Memes Classification Project

Meme analysis has become the essential research topic. It contains both graphic representation and embedded text description, and often carries more than one message spreading emotional influences on every single individual who read that meme. In this project, I propose the Memotion Multimodal Model (M4 Model) for humor detection on memotion dataset. [Codes]

project1_overview

Details

  • The main task of this project is multimodal binary classification of memotion dataset [1].
  • Given the visual and textual information of each meme, the target is to know whether the given meme is humorous or non-humorous.
  • Memotion dataset consists of 6,992 and 2,000 memes of training and test set.
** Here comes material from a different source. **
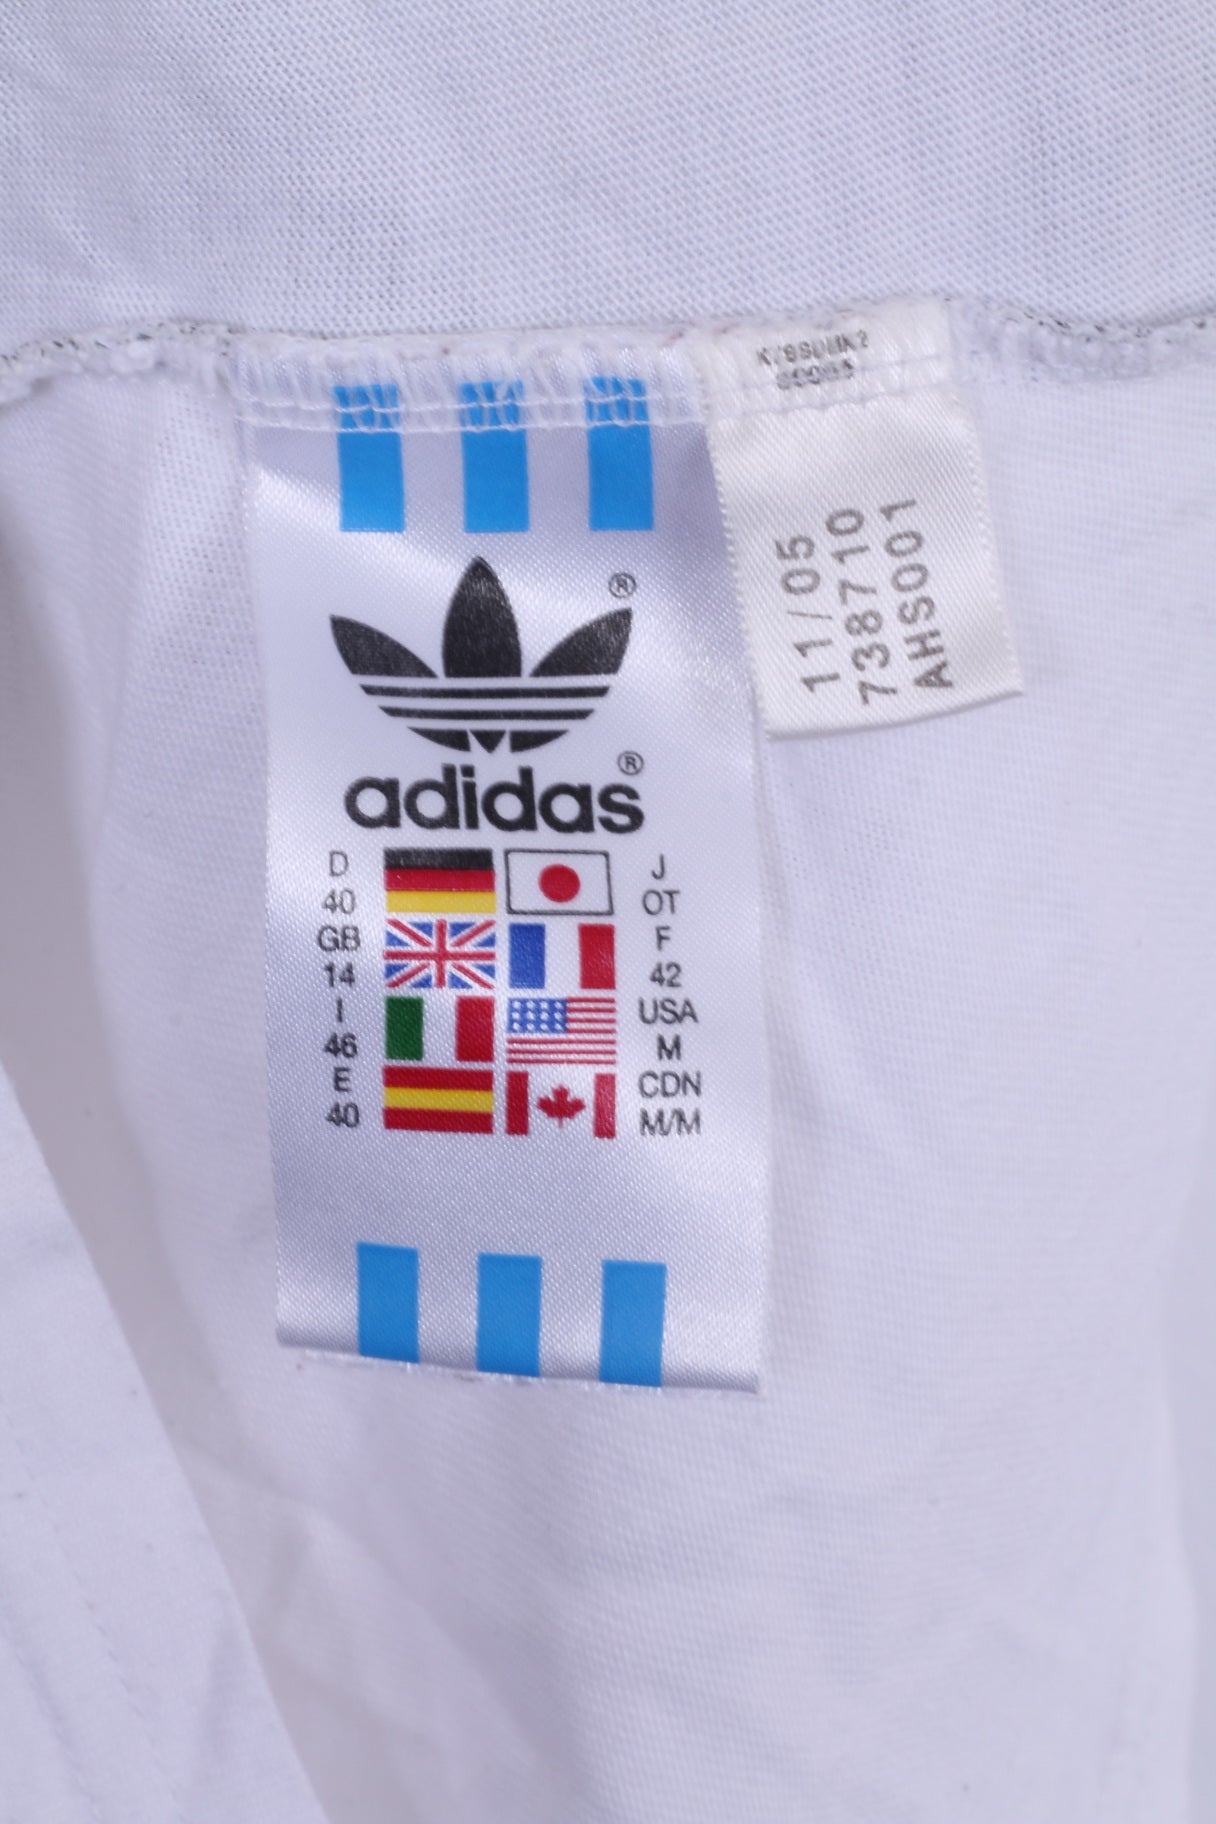 Adidas Womens 40 XS Shirt White Cotton Crew Neck Graphic Football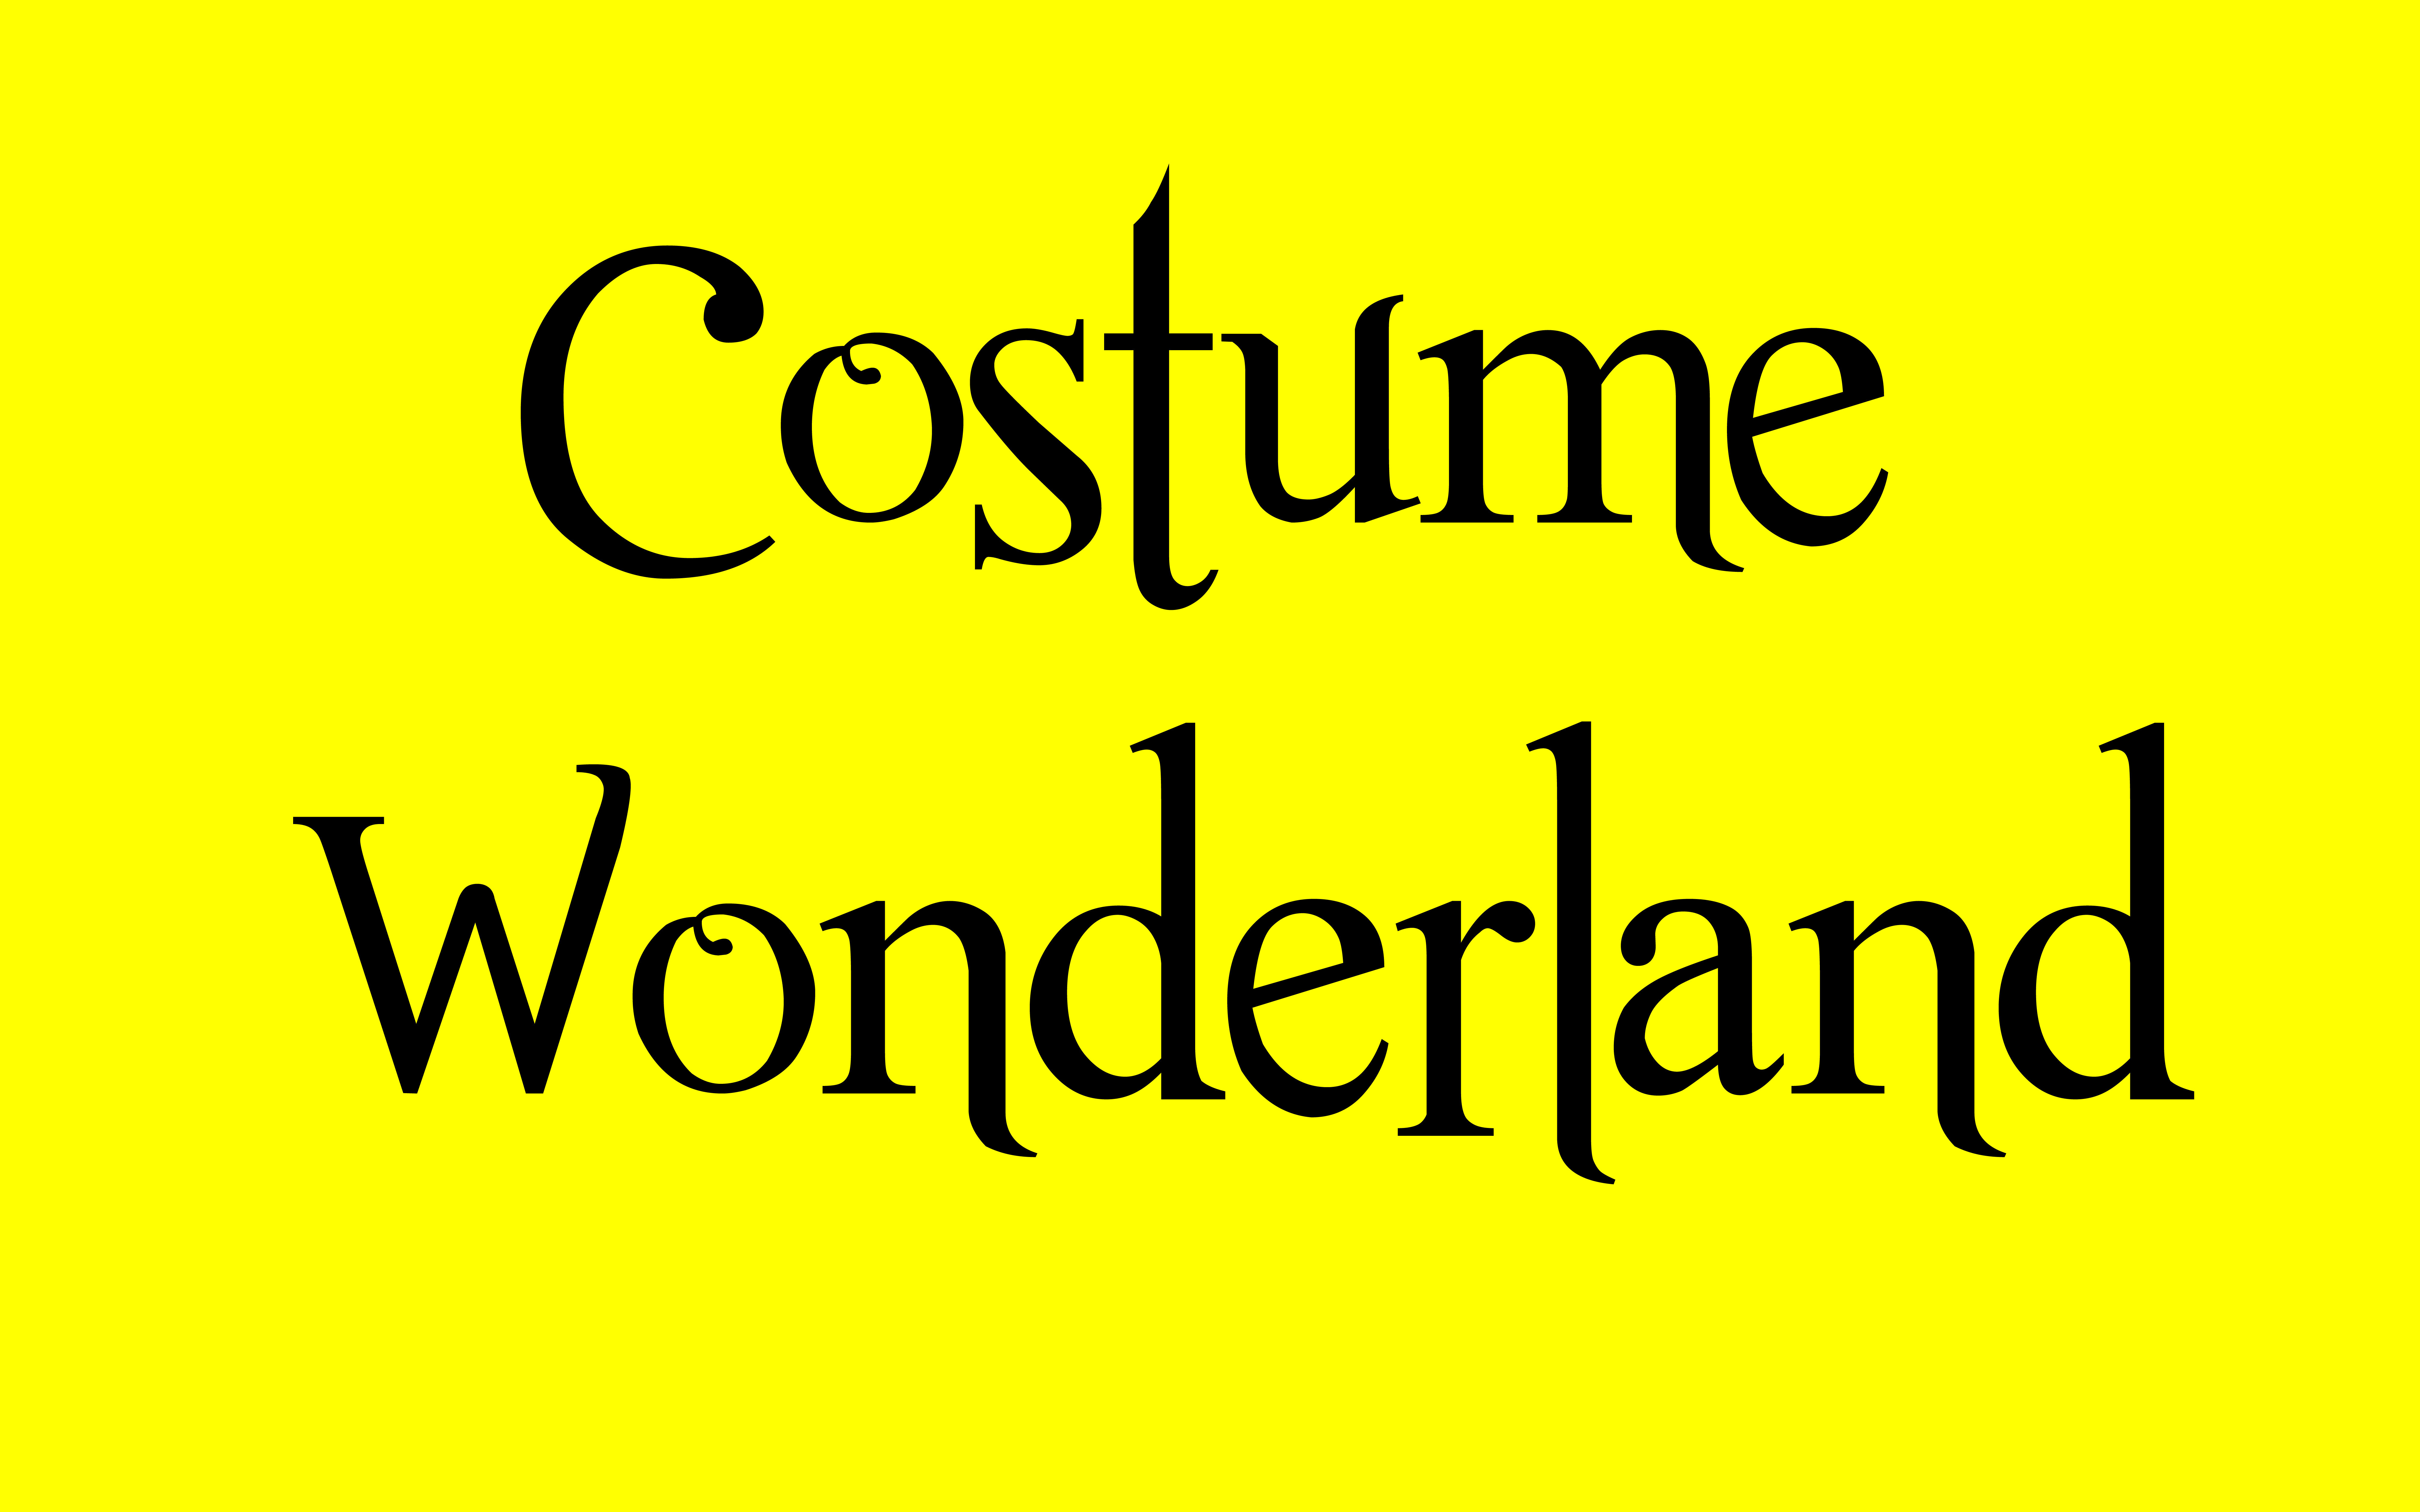 80s Aerobics Costume - Costume Wonderland

  • There are three highlights of contributions of M4 model.
  • Visuo-Lingual Extractor: Uses VGG16 to learn visual feature, and ALBERT transformer to extract textual feature of embeded text of an image.
  • Multimodal Feature Fusion: Applies Gated Multimodal Layer (GML) [3] to combine two sets of features vectors.
  • Pretrained Transformer: Incorporates a transfer-learning technique to firstly train a ALBERT model by text dataset [2], and migrate it to M4.



  • Uses Huggingface library [4] for developing most of the componts, e.g., dataset, model network, training and test process.
  • Designs different methods for multimodal fusion.
  • Provides both the pretraining of ALBERT and transfer-learning of M4 in our code.